Problem —
Below, find the line containing "Princess Diana's Engagement" and the line containing "Combo 3 giỏi: Toán - Tiếng Việt - Tiếng Anh"; reproduce exactly those two and every line between them, omitting pictures.

Given entries —
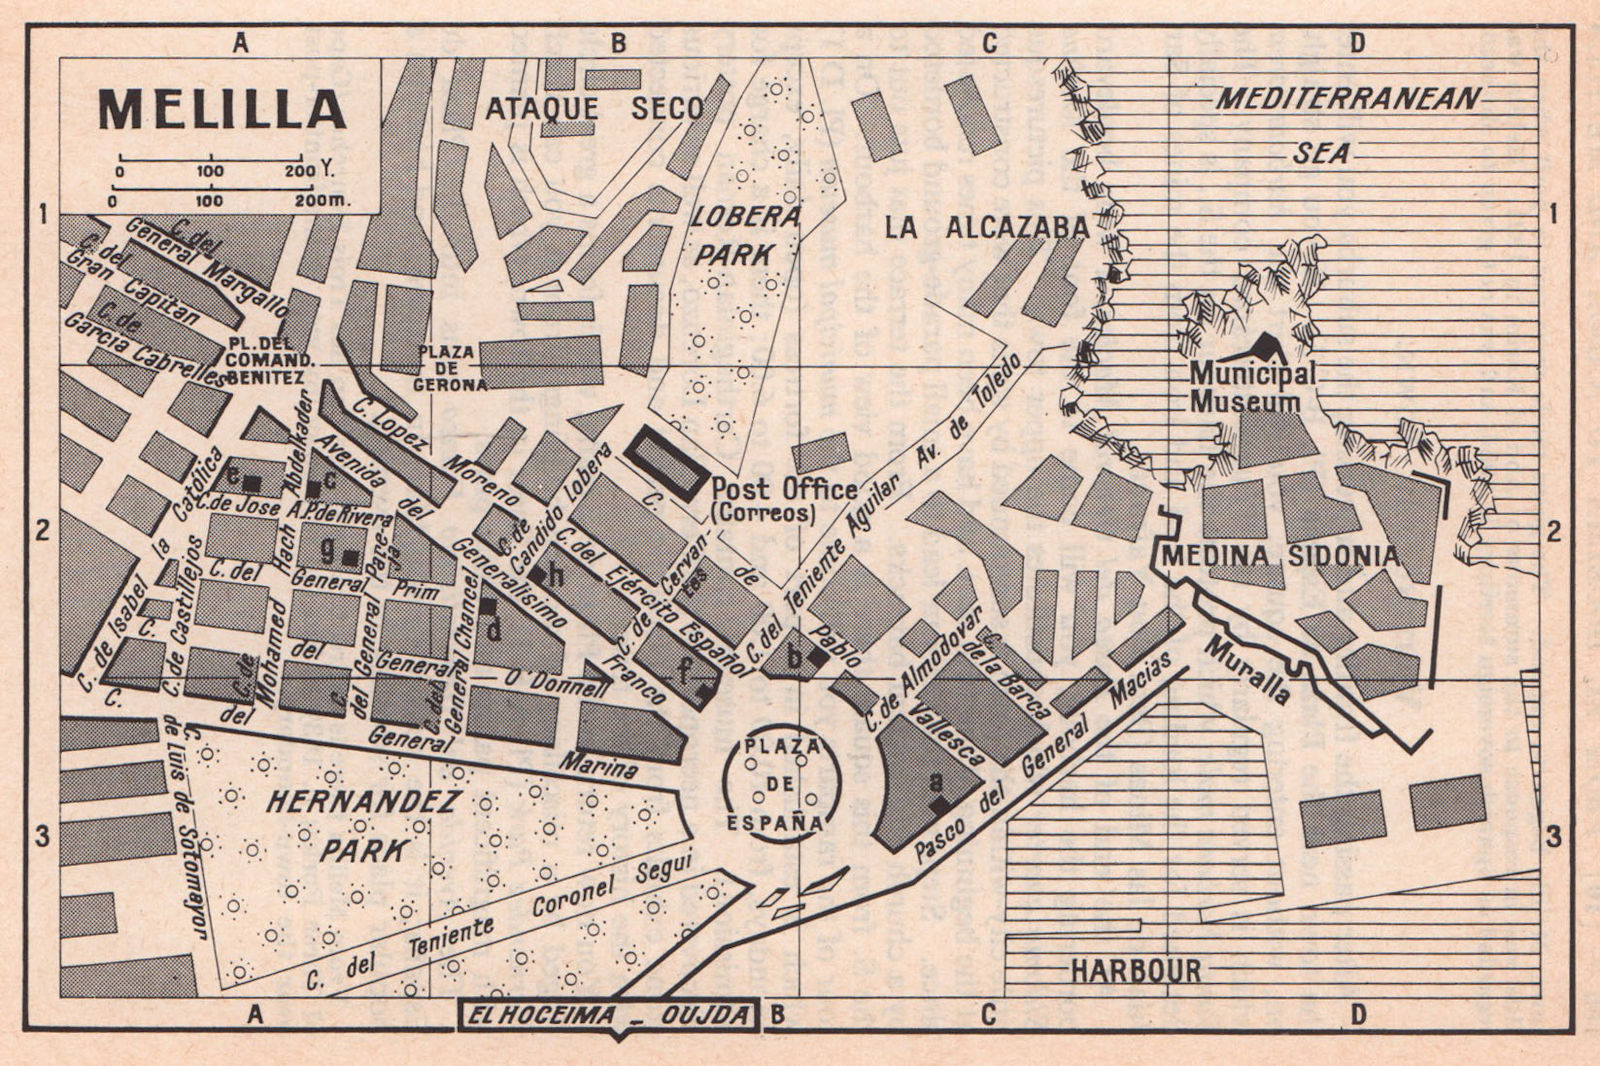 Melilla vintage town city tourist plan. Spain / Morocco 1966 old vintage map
* * *
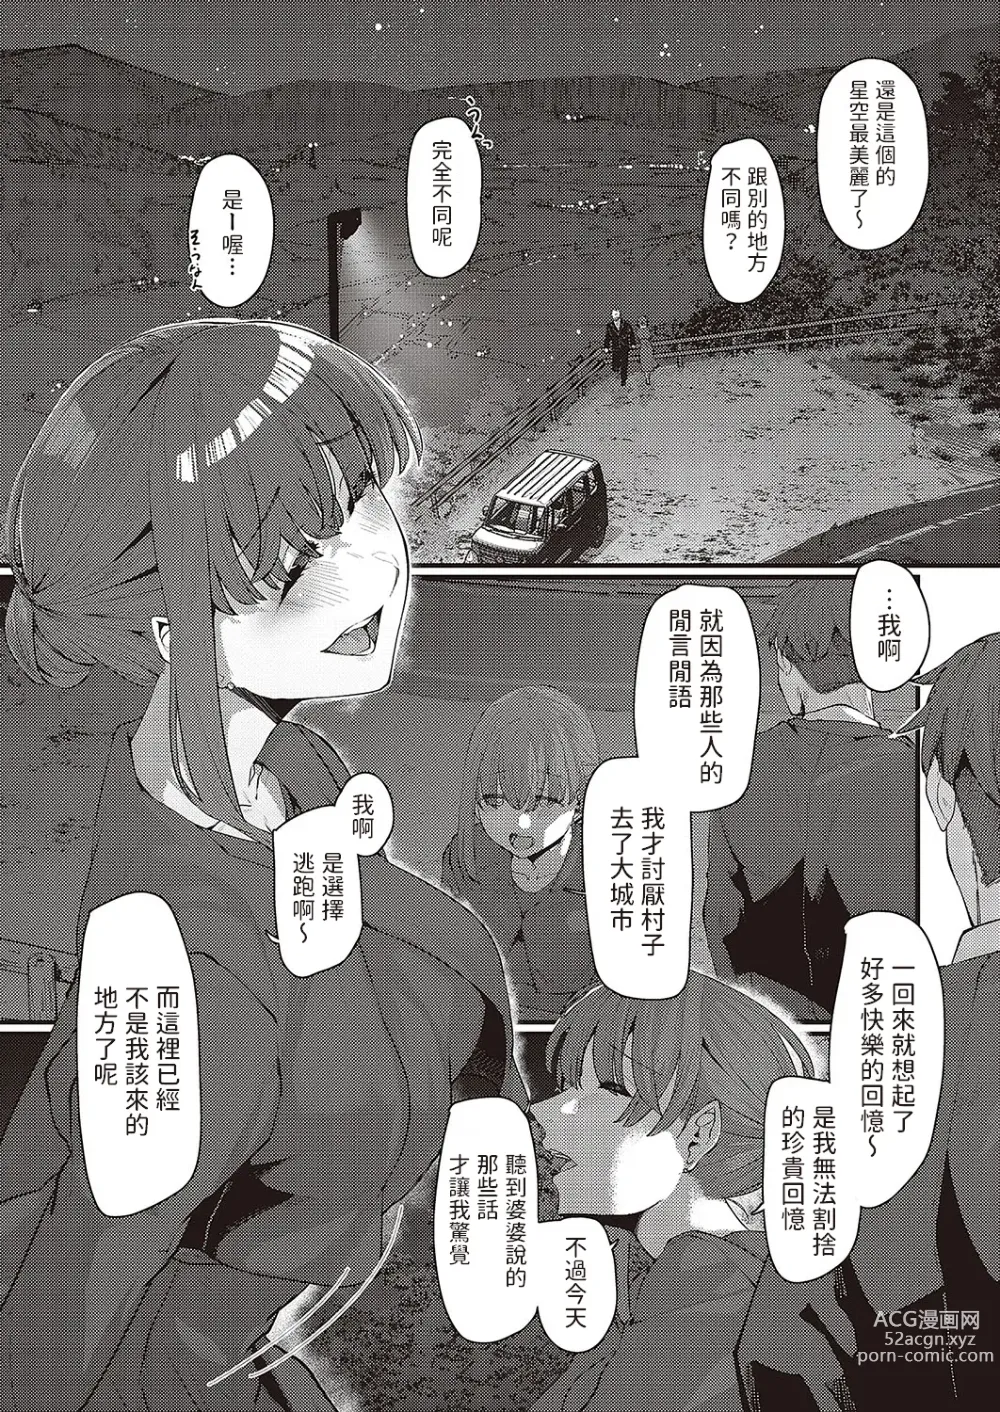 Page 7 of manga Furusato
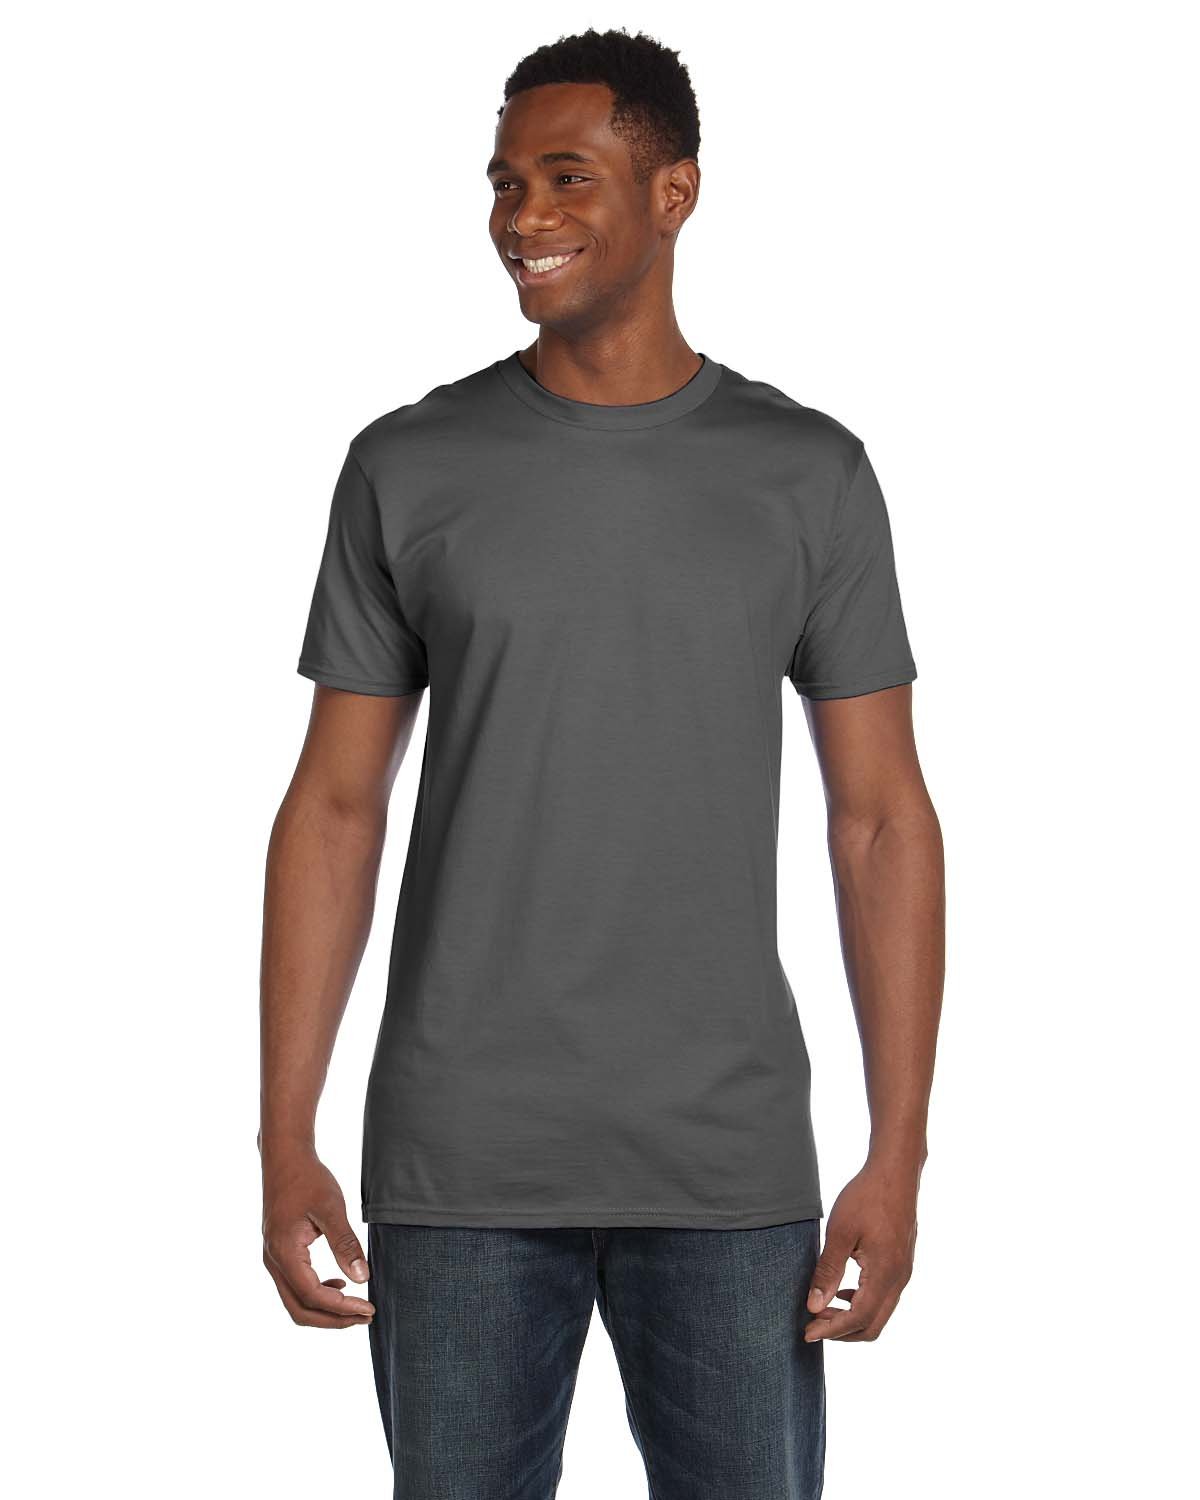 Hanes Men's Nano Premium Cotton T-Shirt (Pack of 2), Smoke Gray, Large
---
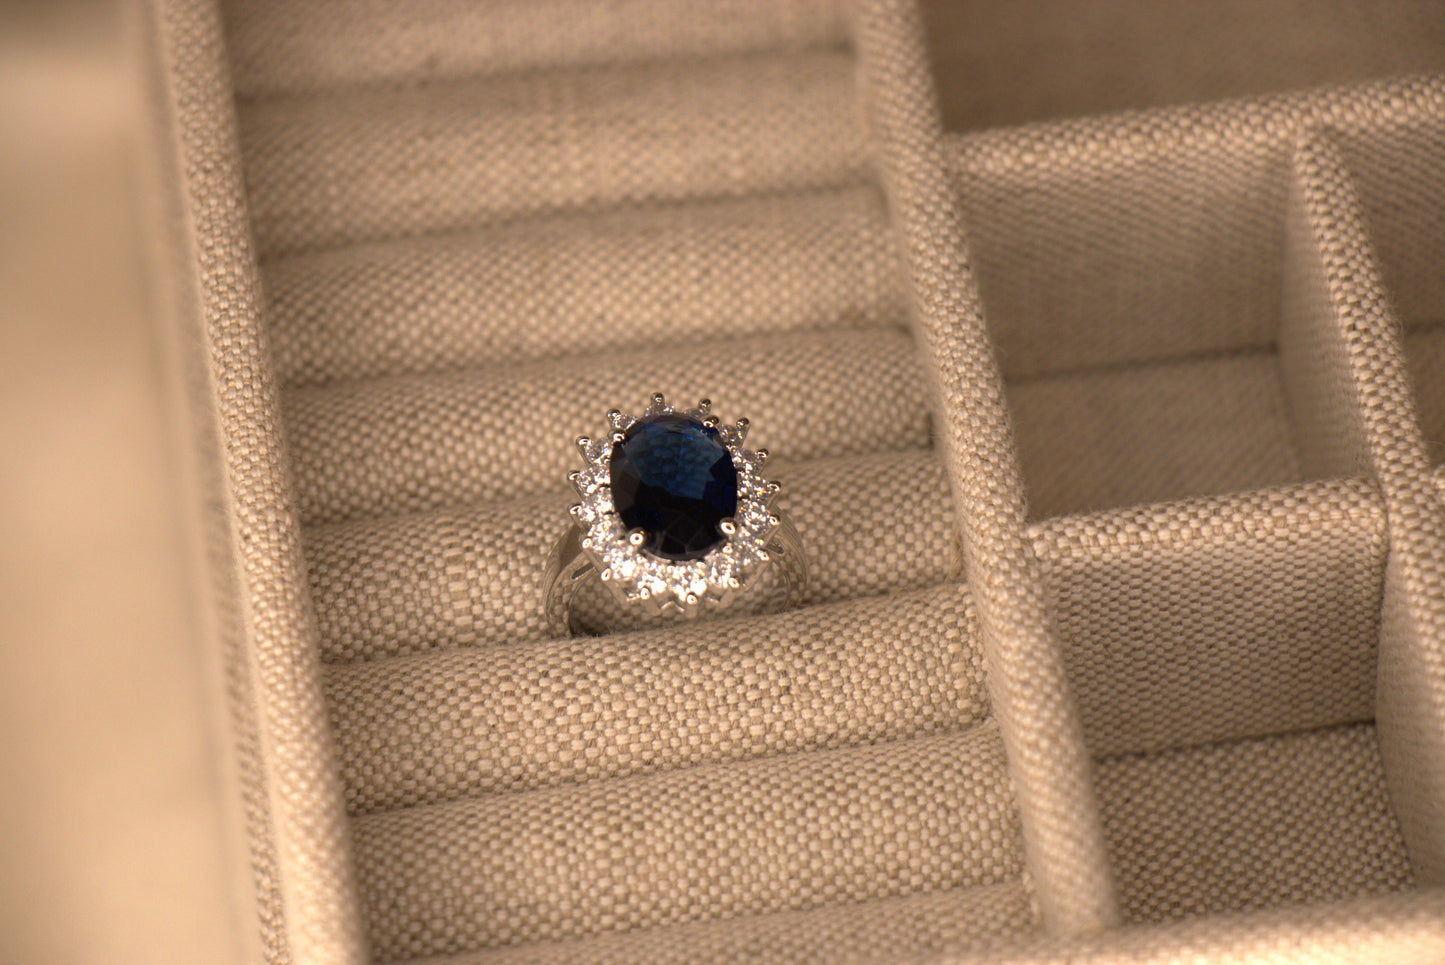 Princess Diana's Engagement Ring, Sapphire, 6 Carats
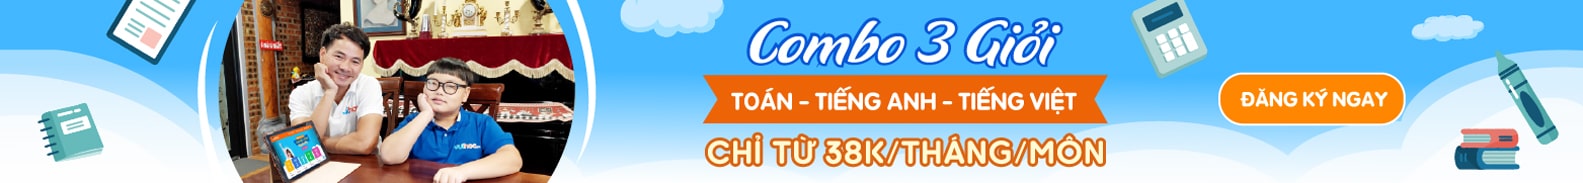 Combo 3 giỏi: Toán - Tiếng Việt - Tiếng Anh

The answer —
 Princess Diana's Engagement Ring, Sapphire, 6 Carats
 Combo 3 giỏi: Toán - Tiếng Việt - Tiếng Anh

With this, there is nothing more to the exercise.